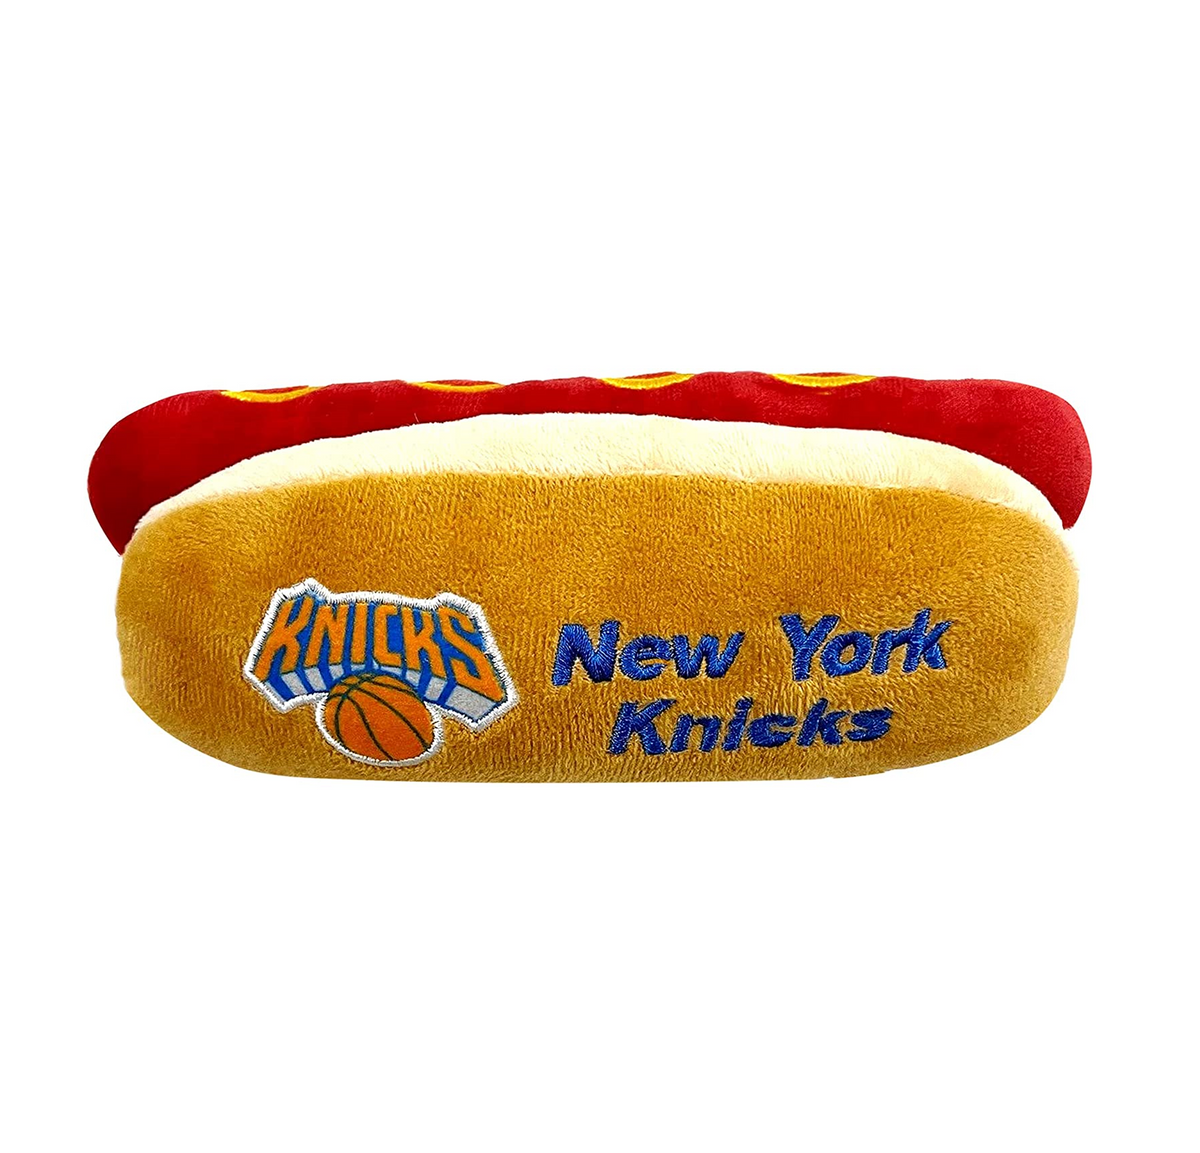 New York Knicks Hot Dog Plush Toys - 3 Red Rovers
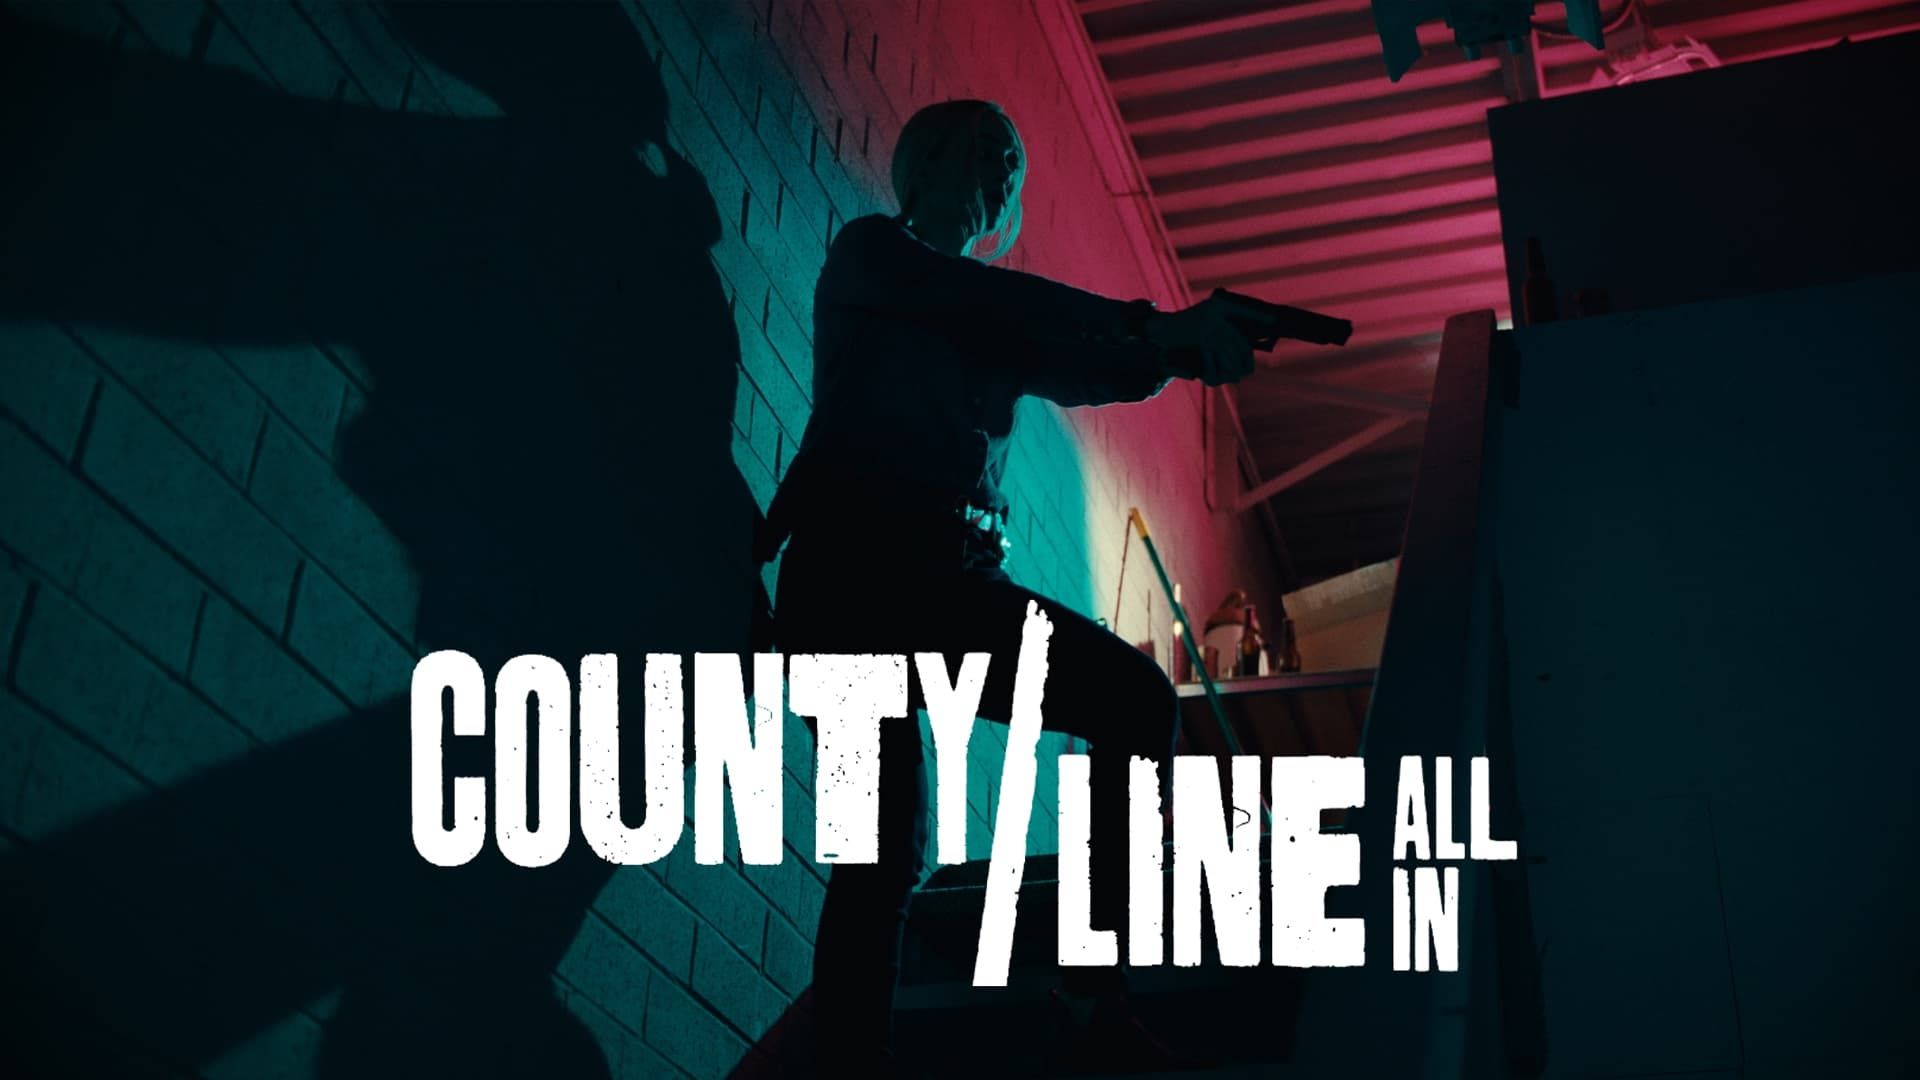 County Line: All In background
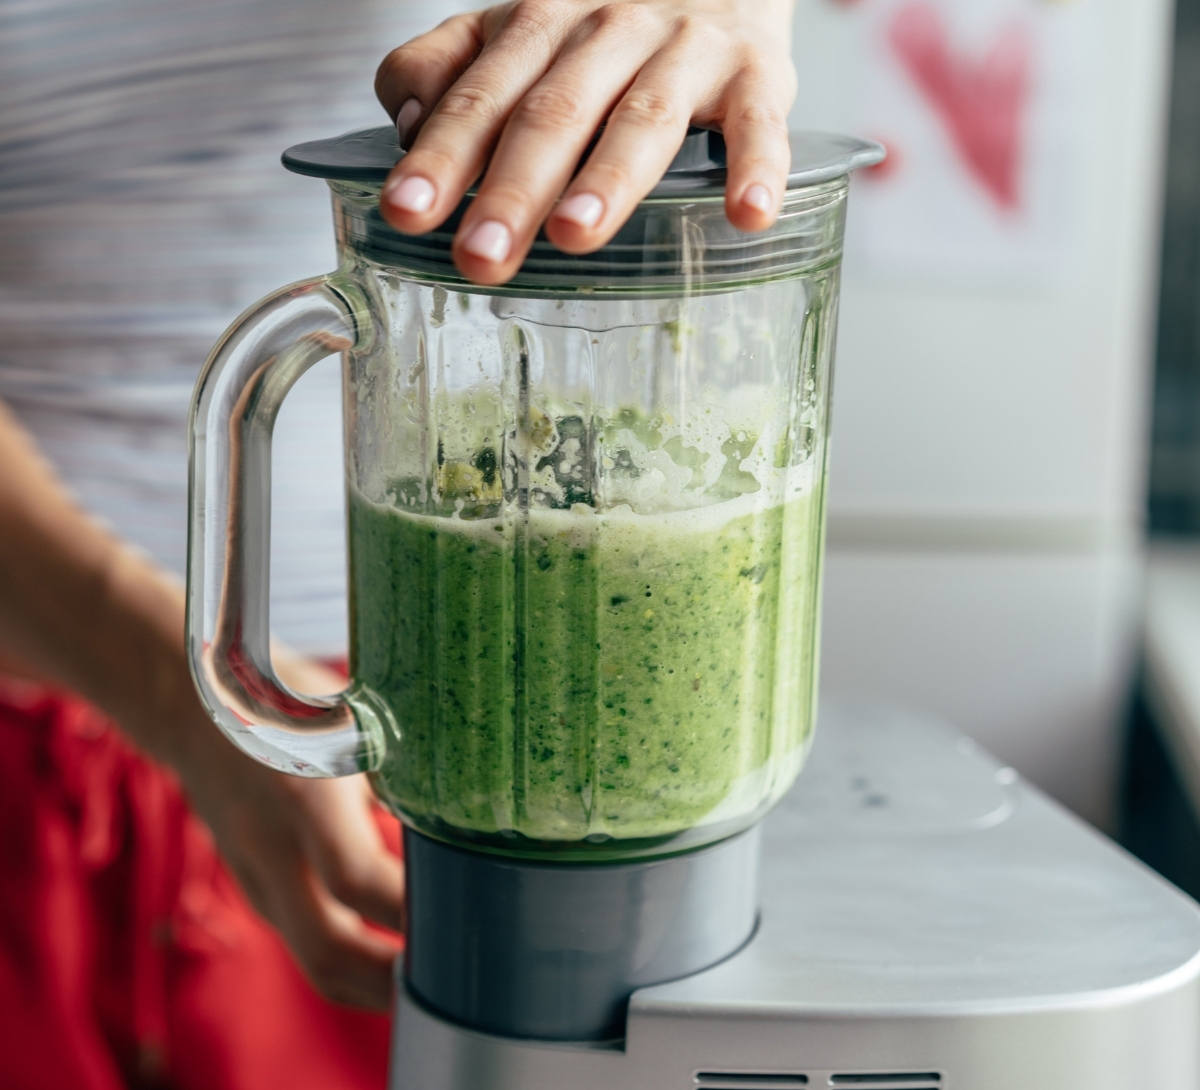 How to make broccoli puree in a blender.

Problem requirements =>
Everything in the preceding material must be transcribed exactly, except the images.

Reply =>
 New York Knicks Hot Dog Plush Toys - 3 Red Rovers
 County Line: All In background
 How to make broccoli puree in a blender.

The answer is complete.